As a junior, Rivers was a First-team All-ACC and All-Defensive team selection. She was also an AP All-American Honorable Mention. She averaged 12.5 points, 6.1 rebounds, 3.7 assists, 2.1 steals, and 0.9 blocks, starting all 35 games. She led the team in assists and steals per game. In the postseason, Rivers was named to the Portland 4 Regional All-Tournament Team, as she helped the team to the Final Four.

==Professional career==
===WNBA===
====Connecticut Sun (2025–present)====
Rivers was selected eighth overall by the Connecticut Sun in the 2025 WNBA draft. She missed most of training camp, all of preseason, and the season opener to spend time with her family after her mother died. She made her debut on May 20, in a 62–87 loss to the Las Vegas Aces, scoring 11 points in 25 minutes off the bench.

===Unrivaled===
On November 5, 2025, it was announced that Rivers had been drafted by Hive BC for the 2026 Unrivaled season.

==Personal life==
In April 2024, Rivers attended Kelsey Plum's second annual Dawg Class, a 3-day camp with the purpose of helping top women college athletes transition from collegiate to professional basketball. The 2024 camp was held at the IMG Academy and sponsored by Under Armour.

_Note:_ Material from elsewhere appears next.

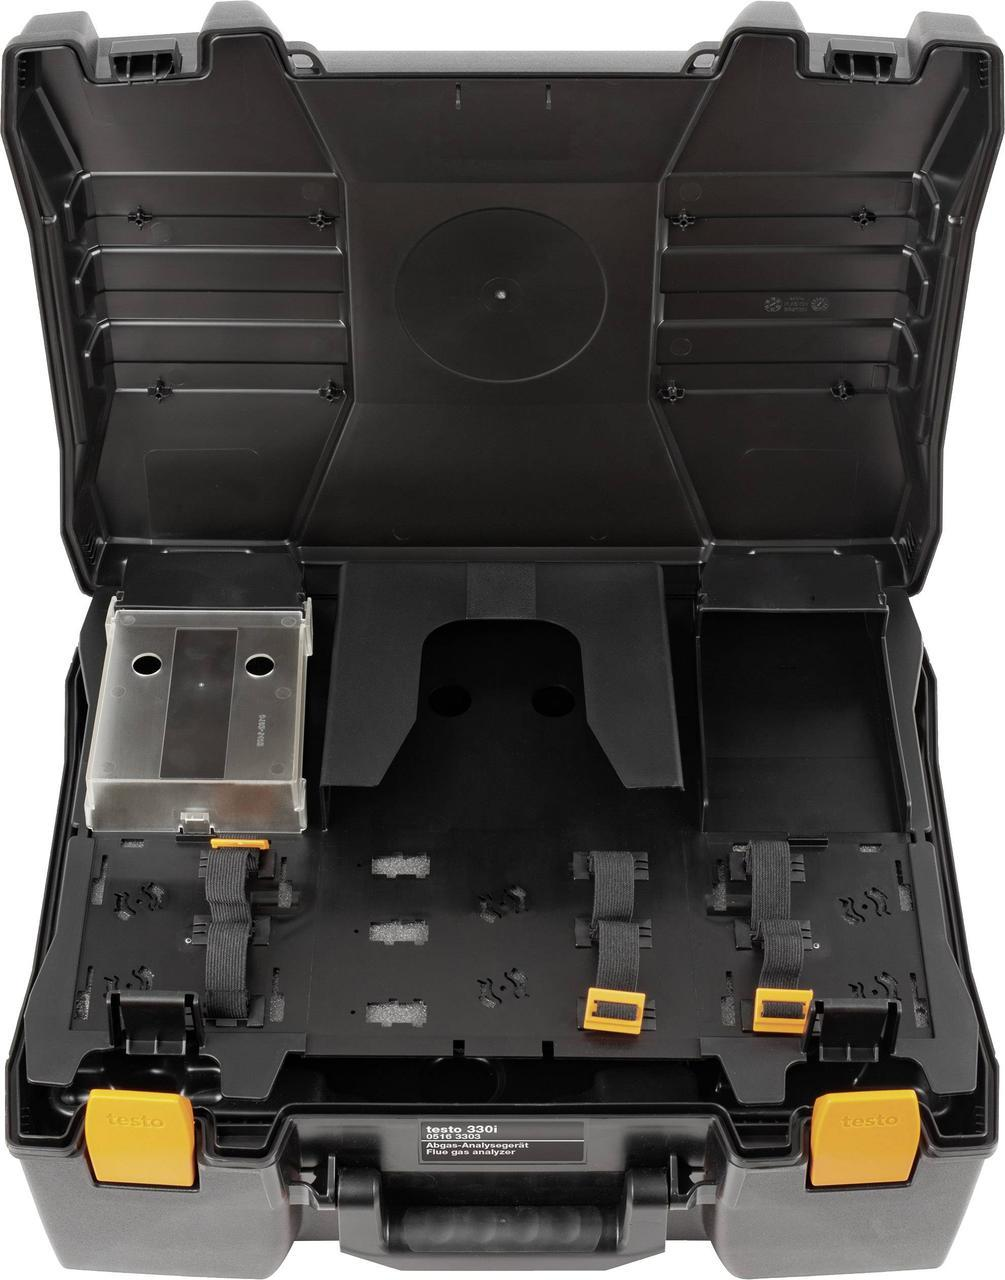 Системный кейс для прибора testo 330i, зондов и принадлежностей (520 x 210 x 400 мм, ШxВxГ)

On April 30, 2025, her mother Demetria died of congestive heart failure.

==Career statistics==

===WNBA===
====Regular season====
Stats current through end of 2025 season

WNBA regular season statistics
| Year | Team | GP | GS | MPG | FG% | 3P% | FT% | RPG | APG | SPG | BPG | TO | PPG |
|---|---|---|---|---|---|---|---|---|---|---|---|---|---|
| 2025 | Connecticut | 42 | 25 | 26.1 | .407 | .341 | .746 | 2.8 | 2.7 | 1.5 | 0.9 | 1.5 | 8.8 |
| Career | 1 year, 1 team | 42 | 25 | 26.1 | .407 | .341 | .746 | 2.8 | 2.7 | 1.5 | 0.9 | 1.5 | 8.8 |

===College===

| * | Denotes season(s) in which Rivers won an NCAA Championship |

| Year | Team | GP | GS | MPG | FG% | 3P% | FT% | RPG | APG | SPG | BPG | TO | PPG |
| 2021–22* | South Carolina | 27 | 0 | 13.0 | 24.5 | 3.2 | 50.0 | 1.6 | 1.4 | 0.5 | 0.5 | 1.0 | 2.3 |
| 2022–23 | NC State | 31 | 12 | 28.0 | 43.9 | 21.5 | 62.5 | 5.2 | 2.9 | 1.8 | 1.0 | 2.3 | 8.6 |
| 2023–24 | NC State | 35 | 35 | 35.2 | 38.2 | 26.0 | 73.5 | 6.1 | 3.7 | 2.1 | 0.9 | 2.6 | 12.5 |
| 2024–25 | NC State | 35 | 35 | 34.1 | 41.9 | 27.2 | 67.4 | 6.6 | 3.8 | 1.6 | 1.3 | 1.9 | 11.9 |
| Career |  | 128 | 82 | 28.5 | 39.5 | 22.9 | 67.9 | 5.1 | 3.1 | 1.6 | 1.0 | 2.0 | 9.2 |
Statistics retrieved from Sports-Reference.